Action item
Below are some records. Retype exactly the lines from the one containing "RG Force Impulse Gundam 1/144" through the one containing "Je visite une", both included, skipping every picture.

Supplied material

########################################

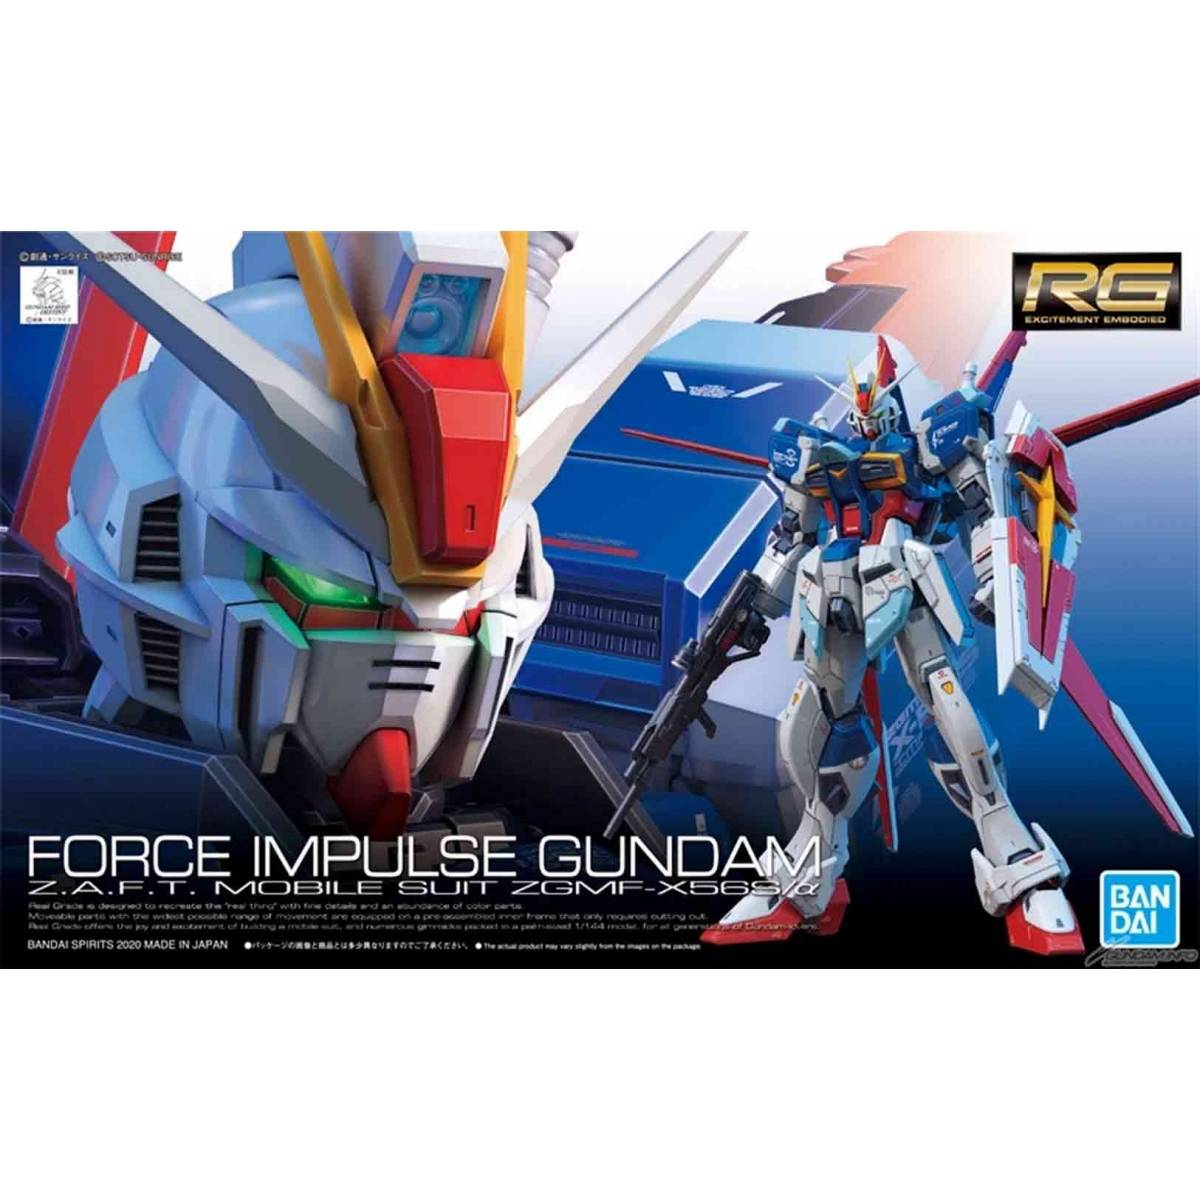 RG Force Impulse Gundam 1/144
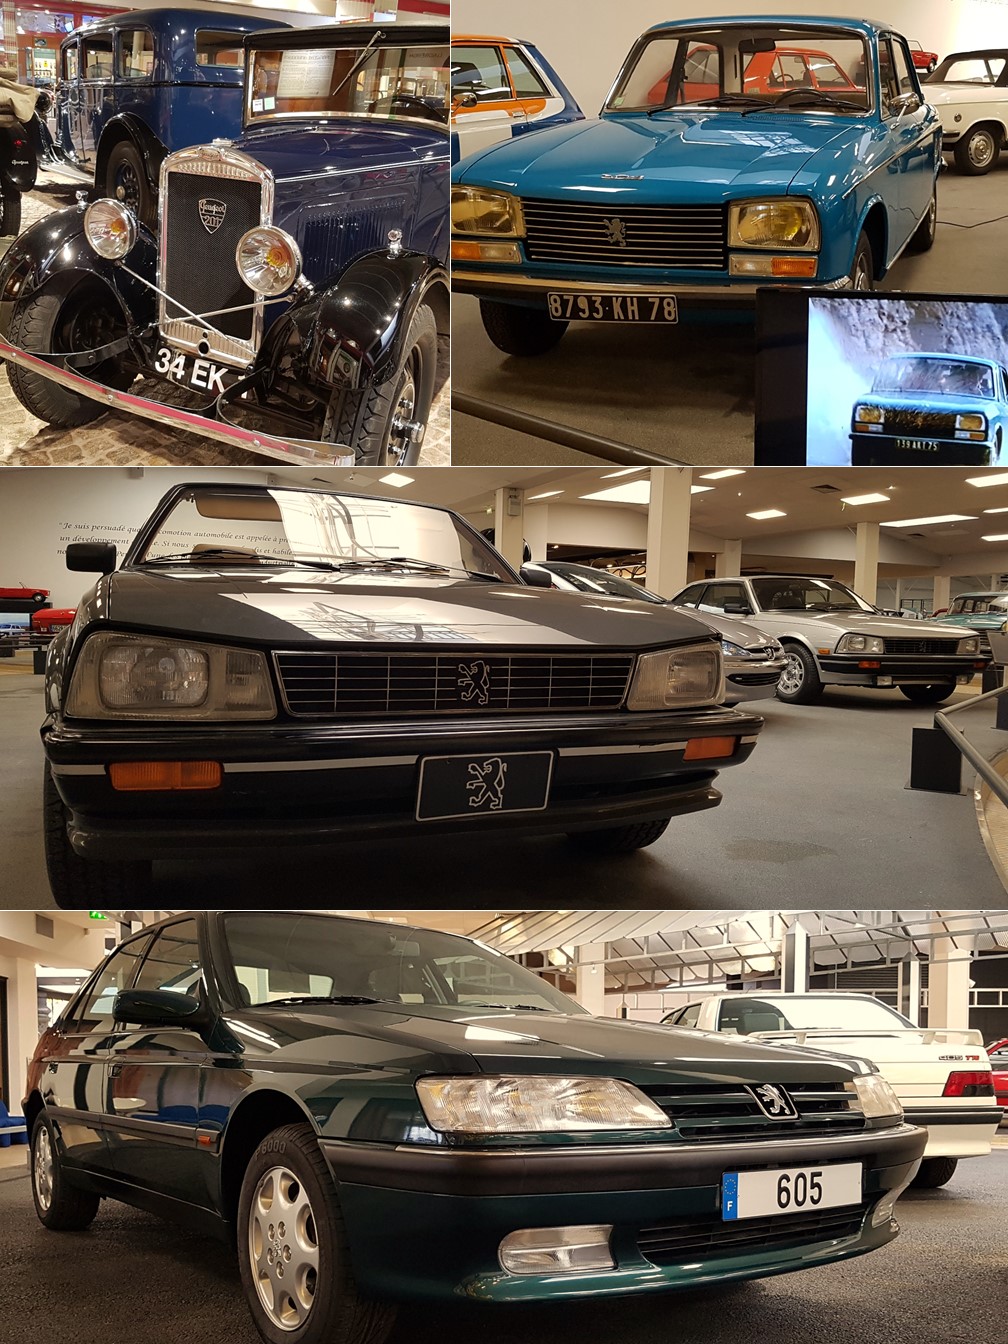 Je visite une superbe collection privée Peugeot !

########################################

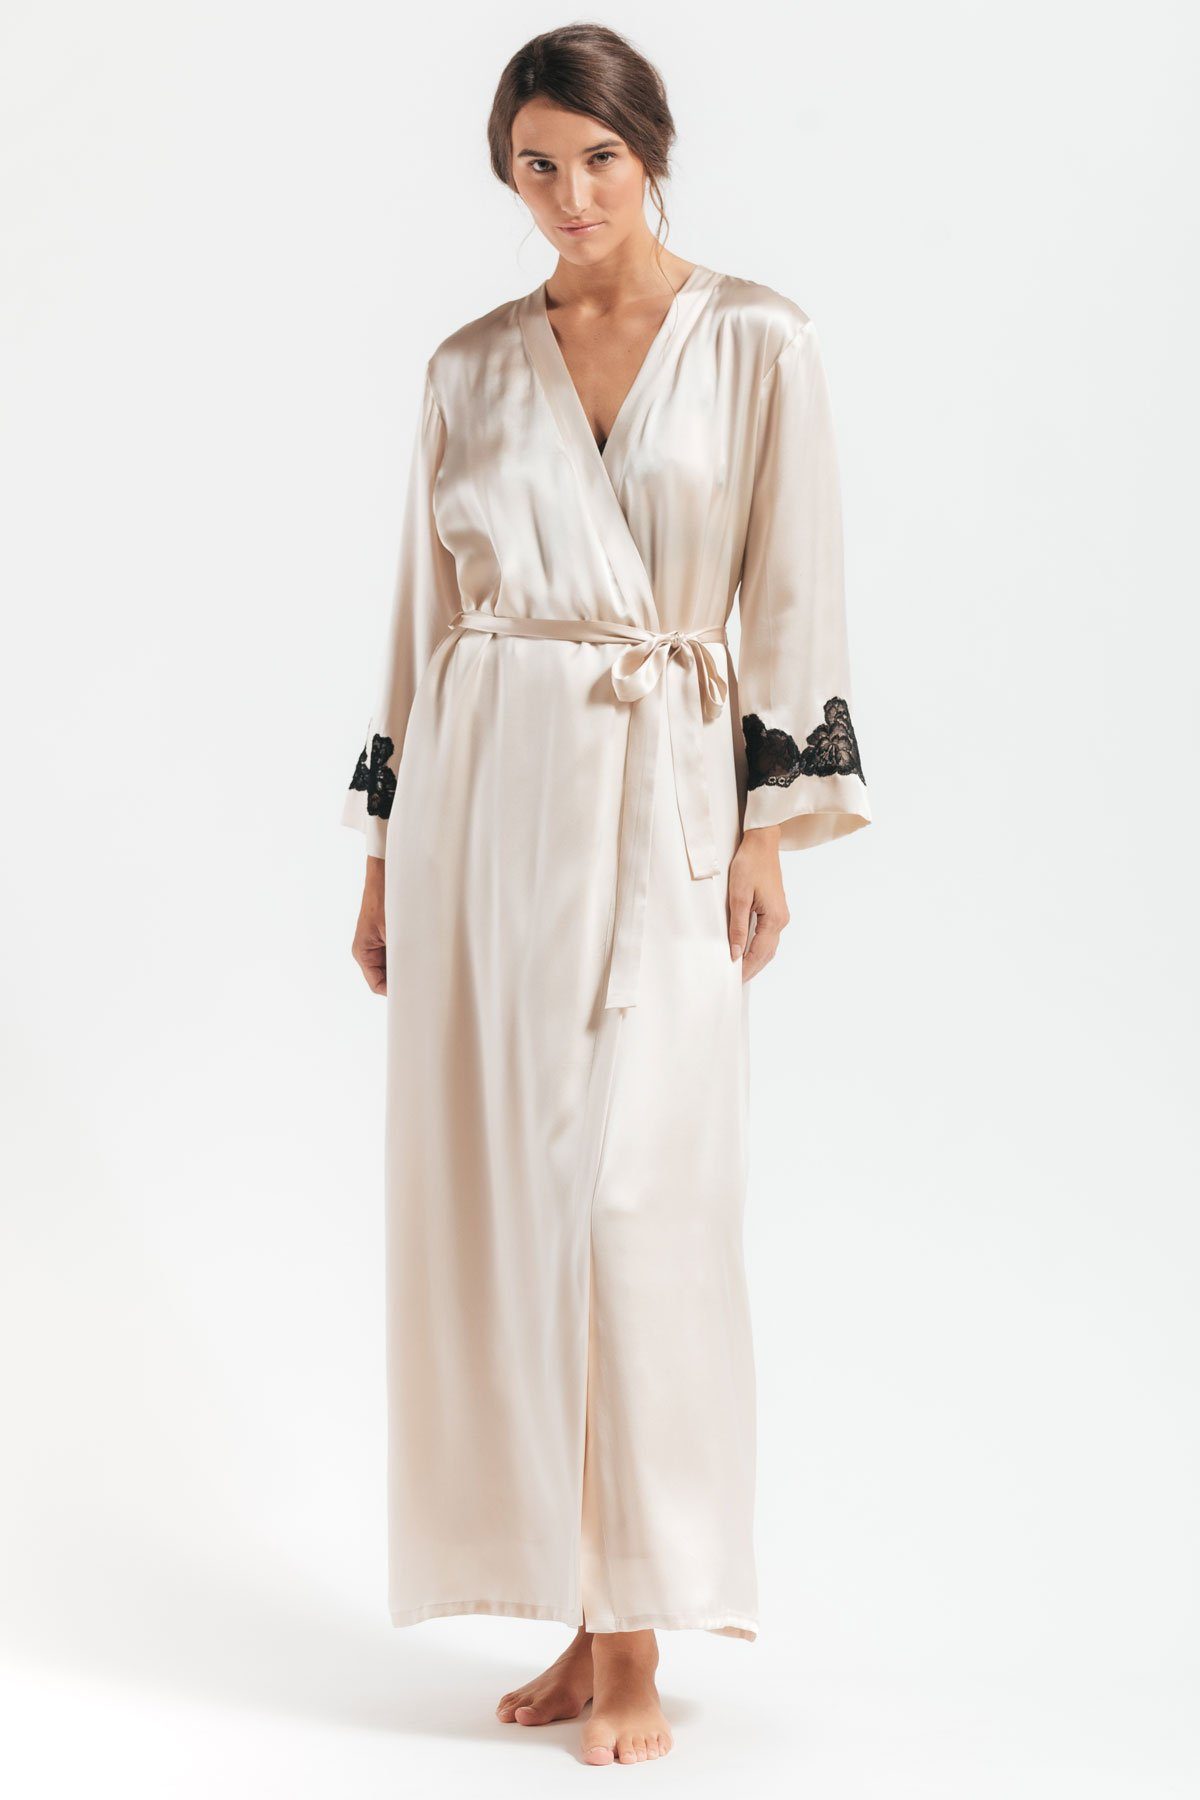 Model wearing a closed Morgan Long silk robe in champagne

########################################

Output of the exercise
 RG Force Impulse Gundam 1/144
 Je visite une superbe collection privée Peugeot !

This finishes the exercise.